**What to do**
Transcribe the whole listing below without changing a word, but leave out every image.

**Recorded data**
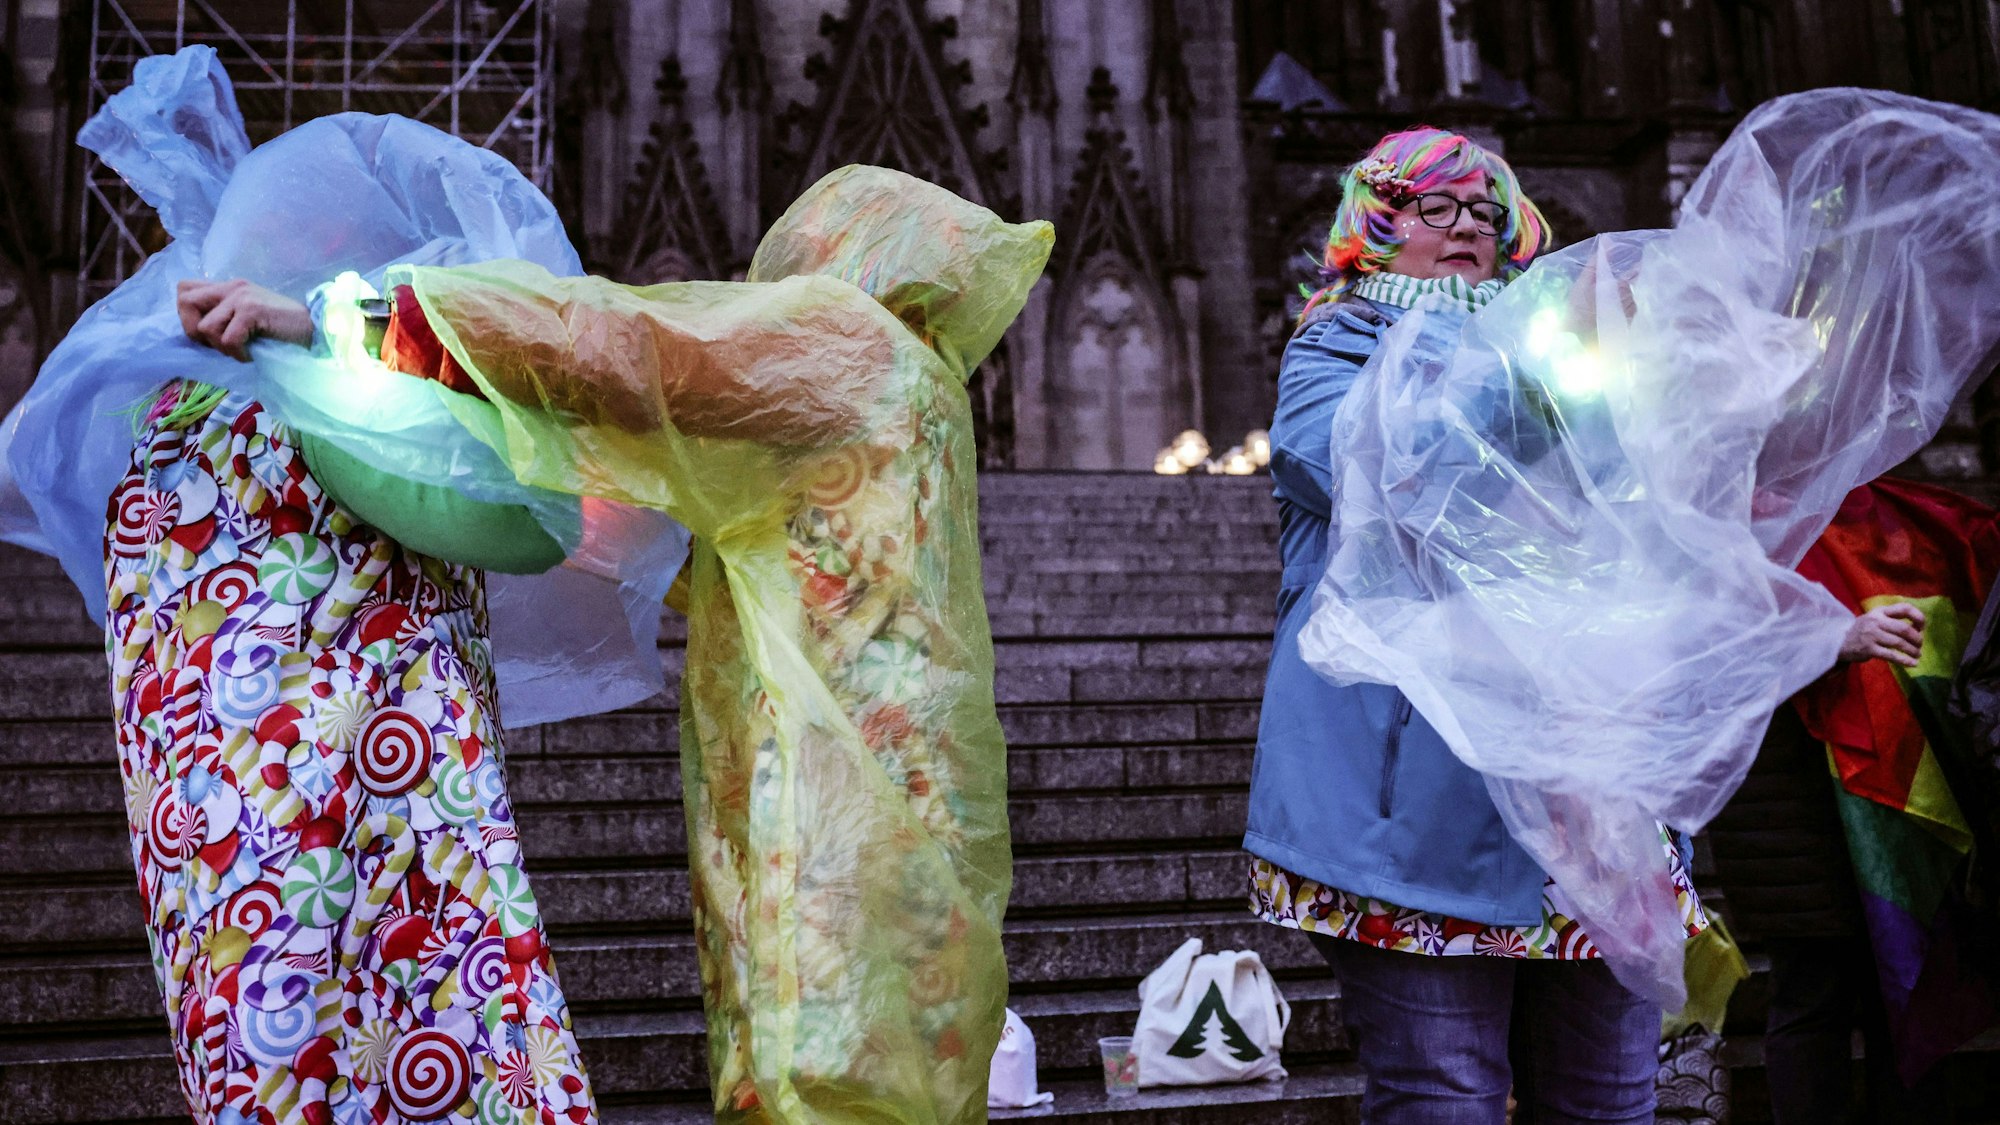 Karnevalisten ziehen sich am Dom einen Regenschutz über das Kostüm.
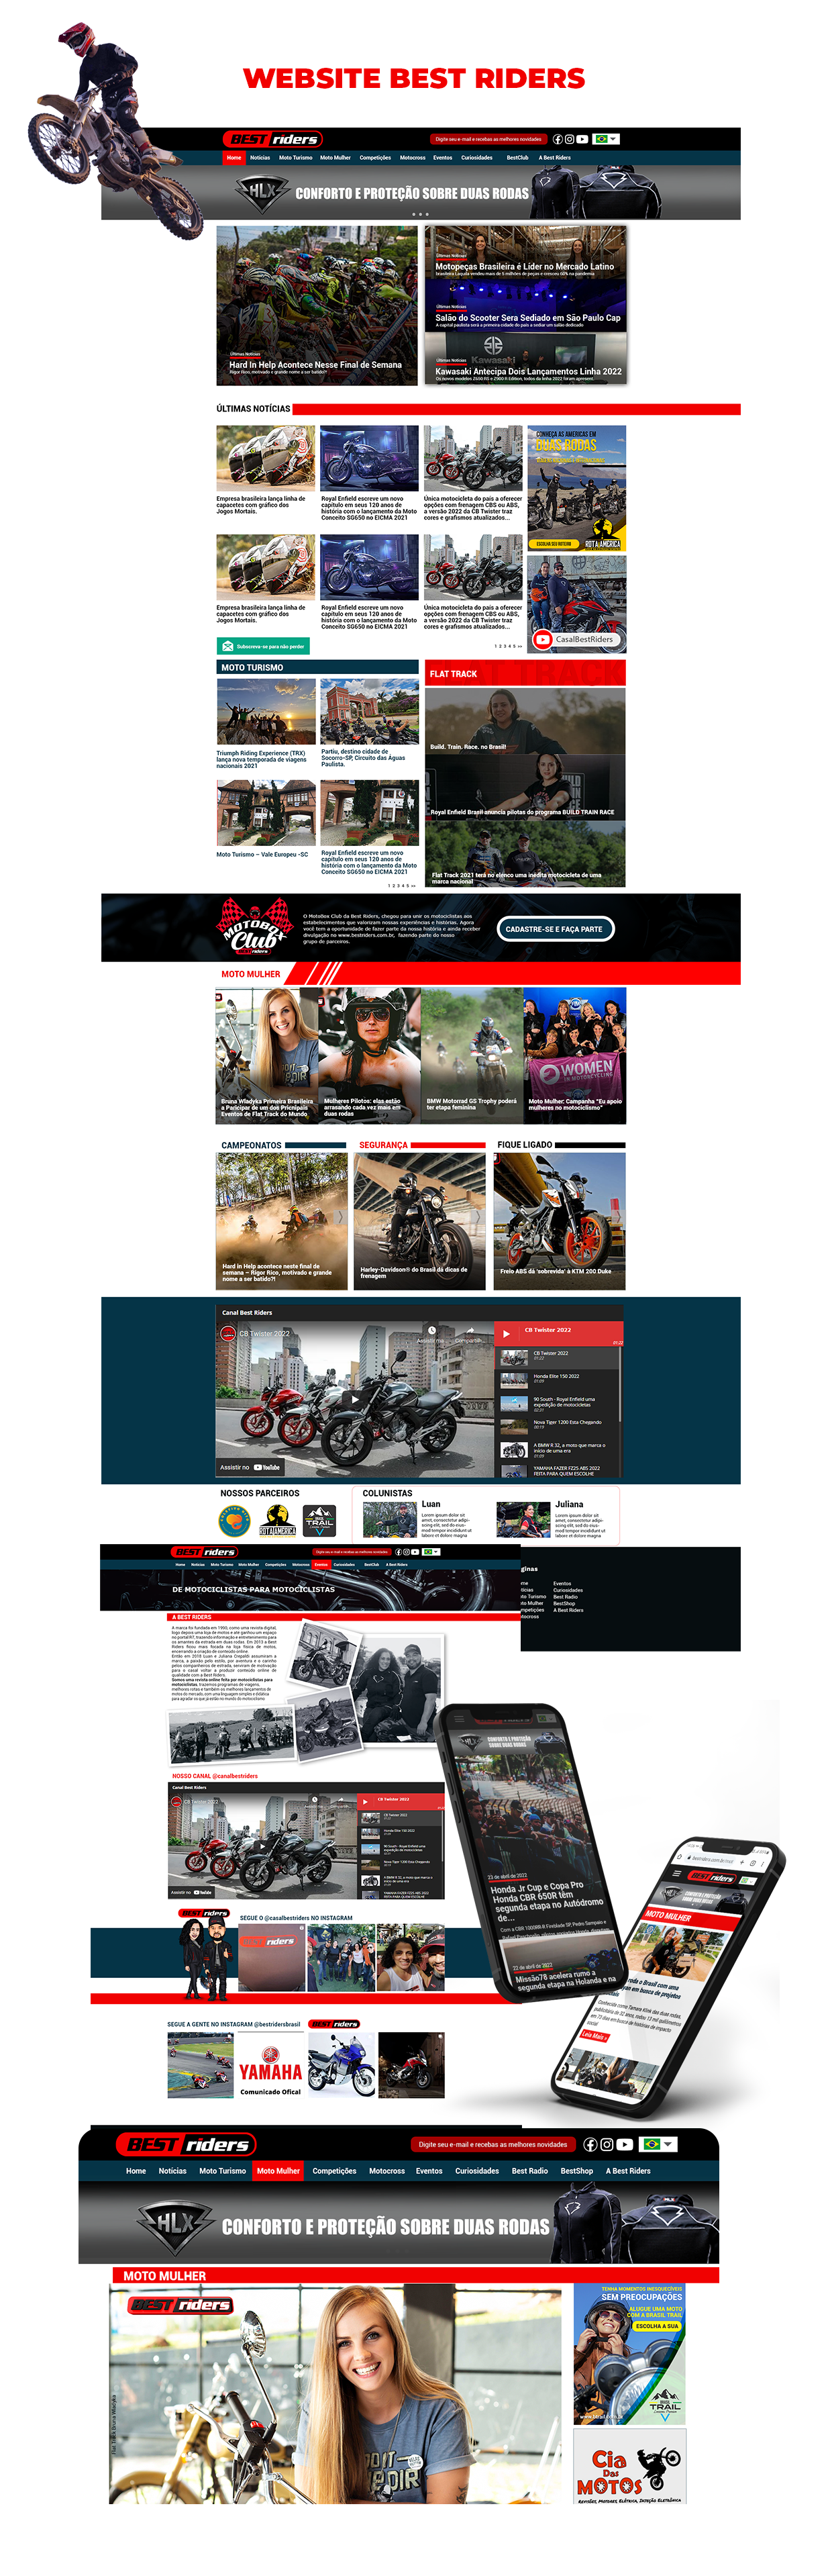 Website - Best Riders
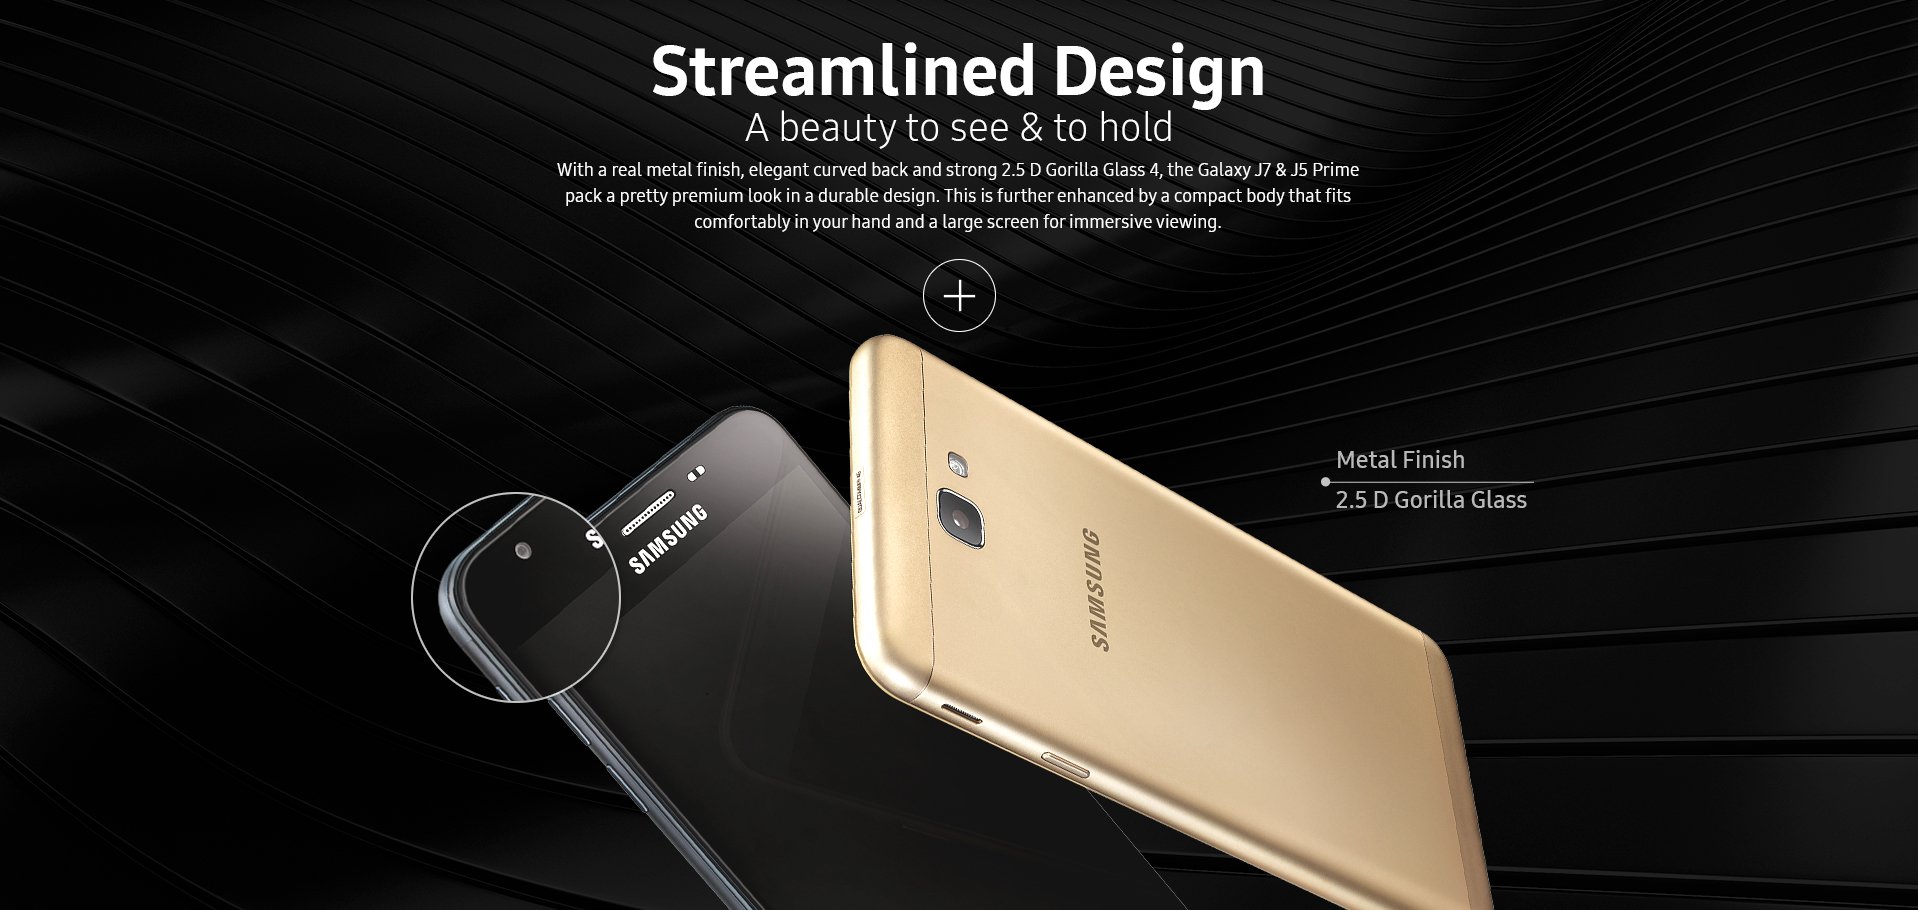 Samsung Galaxy J7 Prime características y especificaciones, analisis,  opiniones - PhonesData
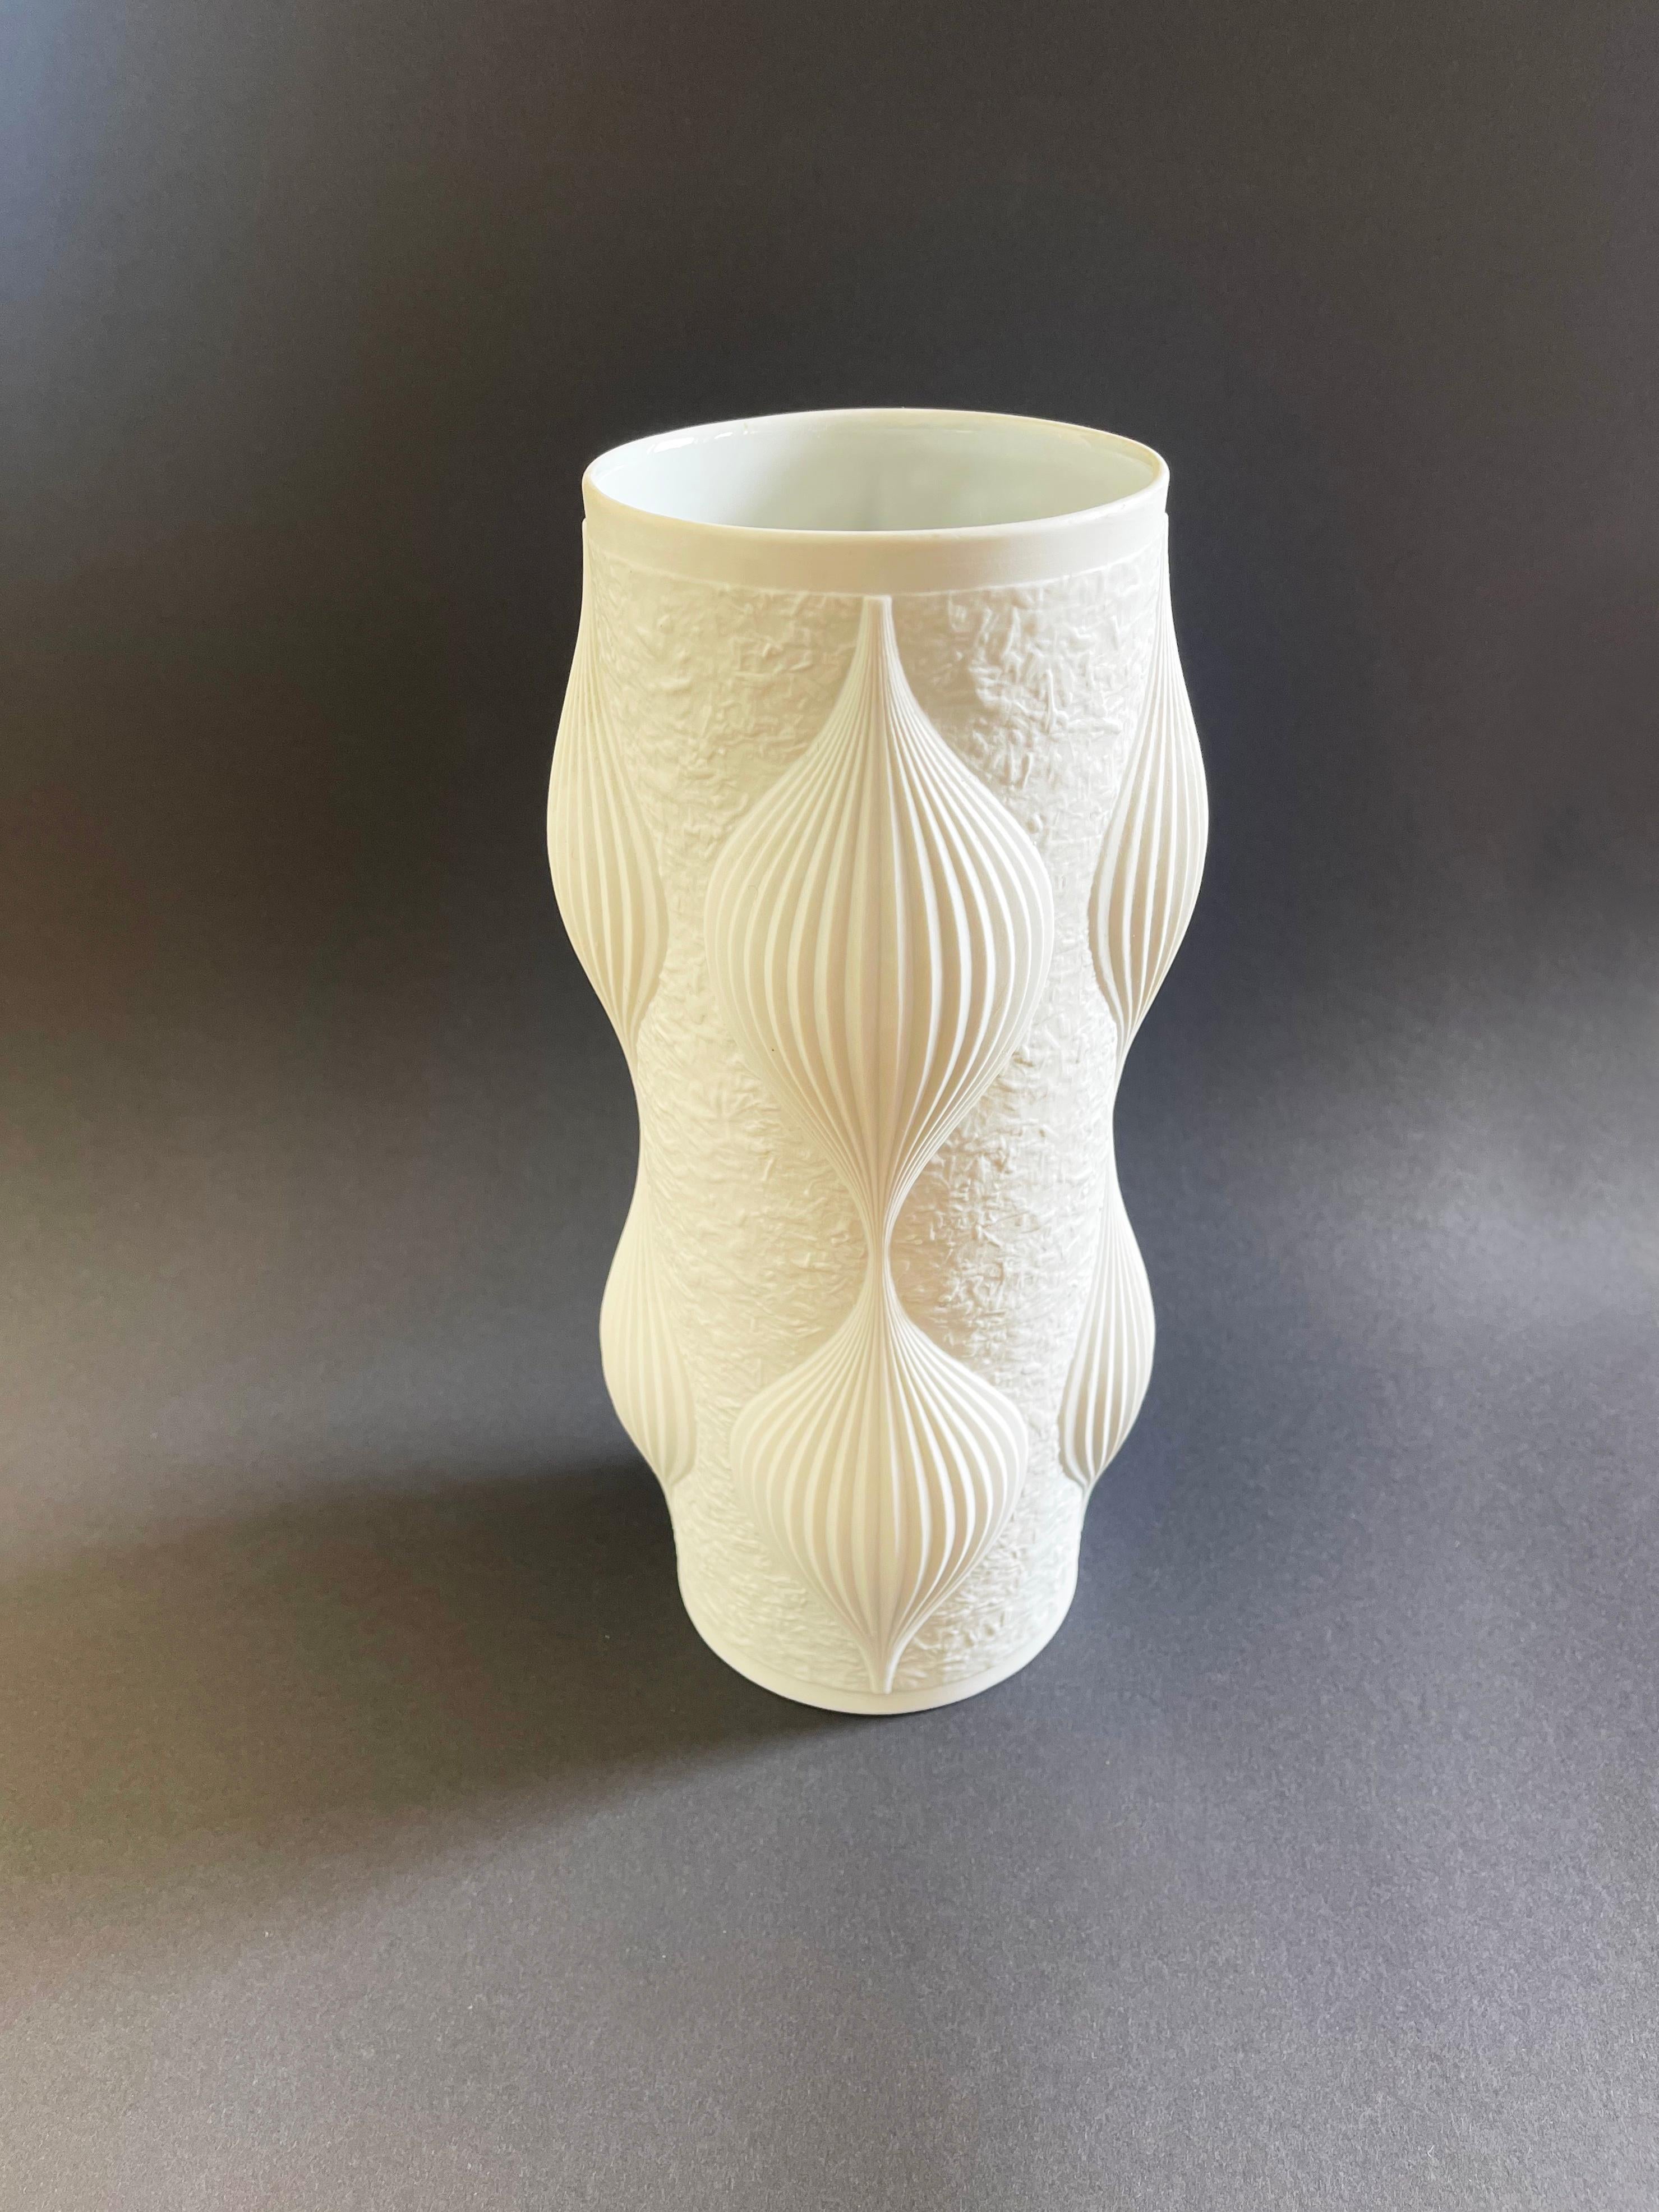 Eine erstaunliche Biskuit-Porzellan Mitte des Jahrhunderts Studio Kunst Keramik Vase, Op-Art auf dem Höhepunkt, in Deutschland gemacht, von Heinrich Fuchs für Hutschenreuther, ca. 1960er Jahre. Vase ist in sehr gutem Zustand ohne Mängel.

**Exercise solution**
 Karnevalisten ziehen sich am Dom einen Regenschutz über das Kostüm.
 Website - Best Riders
 Samsung Galaxy J7 Prime características y especificaciones, analisis,  opiniones - PhonesData
 Eine erstaunliche Biskuit-Porzellan Mitte des Jahrhunderts Studio Kunst Keramik Vase, Op-Art auf dem Höhepunkt, in Deutschland gemacht, von Heinrich Fuchs für Hutschenreuther, ca. 1960er Jahre. Vase ist in sehr gutem Zustand ohne Mängel.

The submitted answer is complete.